Chromosomes have territories, regions on the cell nucleus to themselves. Each territory tended to interact with only a few neighbours. This raises a few questions, one being how a chromosome can interact with perhaps a dozen others, if each territory tends to only interact with a few others. One possibility is that the edges of each territory are ‘rough’, allowing parts to interact with different things. Another is that the interacting chromosome surfaces might change in response to a signal, like a hormone.

Media reports have seen focused on that the structure of the chromosome in the working cell is not the classic ‘X’ shape of the dividing cell, but that isn’t surprising or new.


The ‘real’ results of this work are more subtle. That might seem disappointing, but this type of work is exploratory; refinements and improvements will come later.

A key thing they are looking at is variability between different cells. How consistent is the structure of the X chromosome from cell to cell.

Fig 3 of extended data, Nagano et al., 2013.

Fig 3 of extended data, Nagano et al., 2013.

The X chromosome differs in shape from cell to cell, as you can see in the six models shown to the right.

The X chromosome is about 160 million DNA bases (megabases) long.
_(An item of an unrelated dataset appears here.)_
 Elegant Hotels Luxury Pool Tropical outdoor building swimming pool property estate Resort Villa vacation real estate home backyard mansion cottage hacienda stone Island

When you compare regions about a megabase or so long, they show similar organisation between cell – the differences in the chromosomes are in flexible arrangements of smaller domains that seem to keep some similarity.

Genes that are actively being were mostly found on the edges of chromosome territories. (It may be that the specific overall shape isn’t so important as moving the active genes to the ‘surface’ of the chromosome.)

It’s been known for a while that active genes are moved to the inside of the nucleus.[12] This work refines this a little, putting active genes on the edges of the chromosome territories and offering an early (tentative) model of what the X chromosome looks like.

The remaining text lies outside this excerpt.